Orkestra ships two paths for this:

  • ./backup.sh and ./restore.sh at the repo root — bundled, opinionated, cover every stateful surface in one tarball. Right for dev, staging, and small single-VM production. See Bundled scripts below.
  • Manual mongodump / mongorestore + a separate secrets tarball — finer-grained, the right choice once you start shipping dumps to off-site object storage with their own retention and ACLs. See Manual recipes.

Bundled scripts

./backup.sh and ./restore.sh live at the repo root alongside ./orkestra.sh. Both run as a TUI (no args) or via CLI flags, and target the canonical infra container names the base ships: orkestra-mongodb, orkestra-redis, orkestra-rustfs. (A fork that adds an addon with its own datastore extends the component list — the archived graph addon, for example, snapshotted an orkestra-memgraph volume.)

What they cover

ComponentBackup mechanismRestore mechanism
mongodbmongodump --db $MONGO_DATABASE --archive --gzip (scoped to the orkestra DB — skips admin/local/config system DBs and the throwaway orkestra_openapi_dump sandbox that make openapi-dump uses)mongorestore --drop --archive --gzip, with automatic --nsFrom/--nsTo remapping if the archive's source DB name differs from the target's MONGO_DATABASE
redisSynchronous SAVE, then docker cp of dump.rdb + the AOF directory from whatever path CONFIG GET dir reports (the redis-stack image used in docker-compose.infra.yml writes to /, not /data)Stop container, copy files back, start container
rustfsEnumerates buckets via aws-cli over orkestra-network and s3 syncs each one outs3 mb (best-effort) + s3 sync from the bundle back into each bucket
secretsCopies docker/.env and docker/keys/* into the bundleWrites the files back into docker/, prompting before overwriting existing ones

A manifest.json at the tarball root records the schema version, timestamp, environment, host, and which components were actually captured. restore.sh reads it to decide which components are available.
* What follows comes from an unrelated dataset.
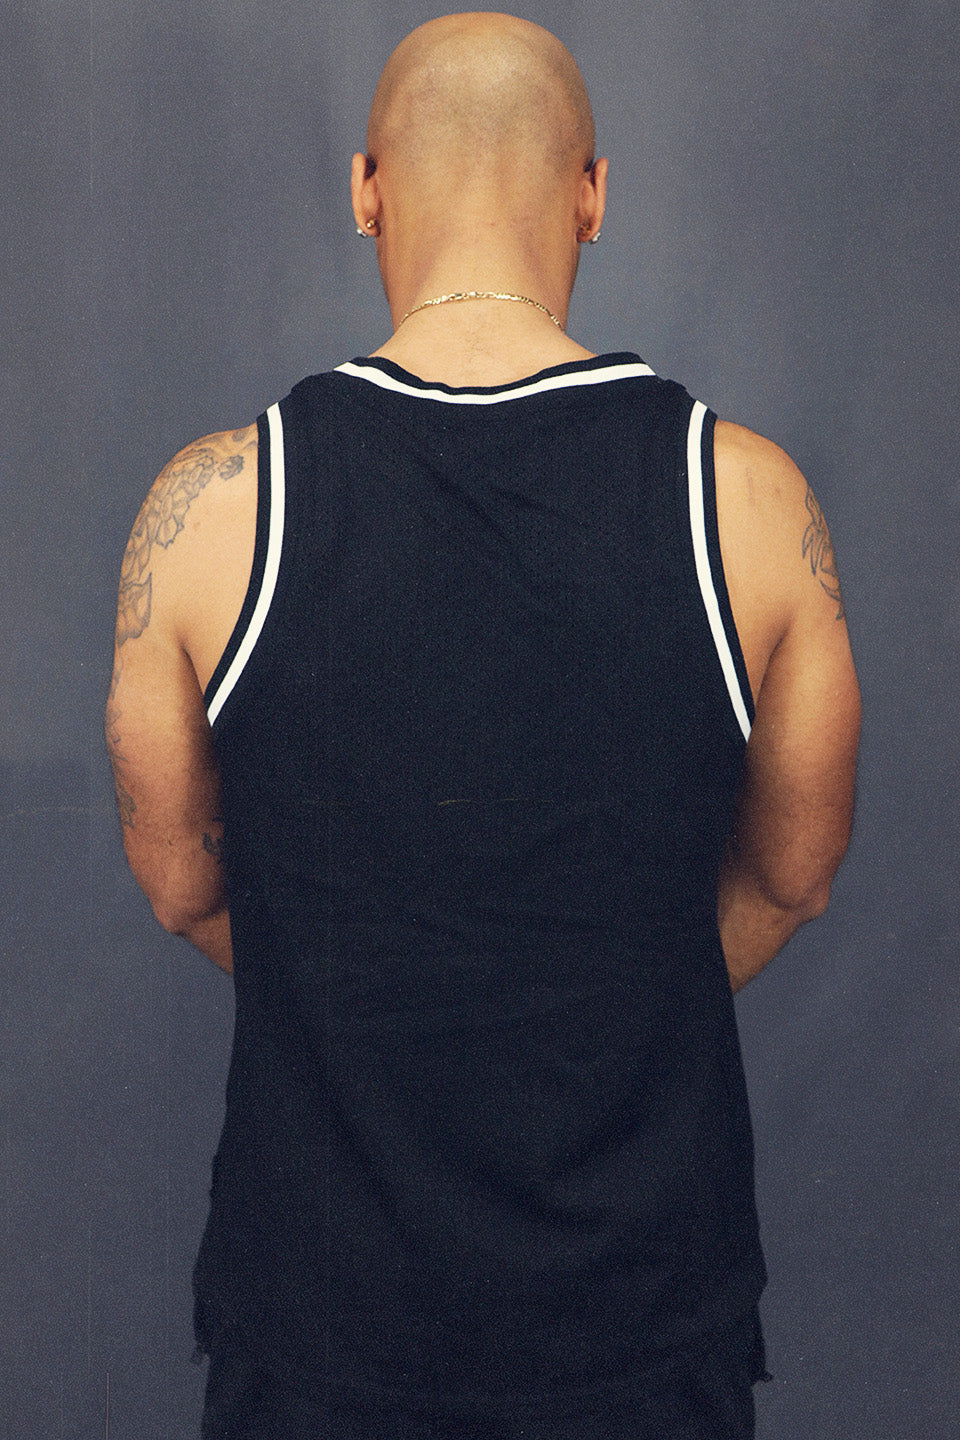 Back of the Men's Sleeveless Basketball Shirt Muscle Workout Black Brooklyn Mesh Tank Top

:::warning Secrets live in the tarball The secrets component bundles docker/.env (DB passwords, OAuth client secrets, KMS master key, encryption keys) and docker/keys/* (JWT private key, Apple p8). Anyone with read access to the tarball has everything they need to decrypt every secret in module_configs. Store the resulting file in a secrets-grade location — encrypted volume, vault, or off-site bucket with strict ACLs. For production deployments, prefer the manual recipes below so secret material is backed up separately from data on its own retention. :::

Quick start

# Interactive TUI — pick components from a menu
./backup.sh

# Non-interactive — back up everything available
./backup.sh all --yes

# Subset — only some components
./backup.sh --components mongodb,redis,secrets --yes

Output lands in ./backups/orkestra-backup-<env>-<UTC-timestamp>.tar.gz by default; override with --output.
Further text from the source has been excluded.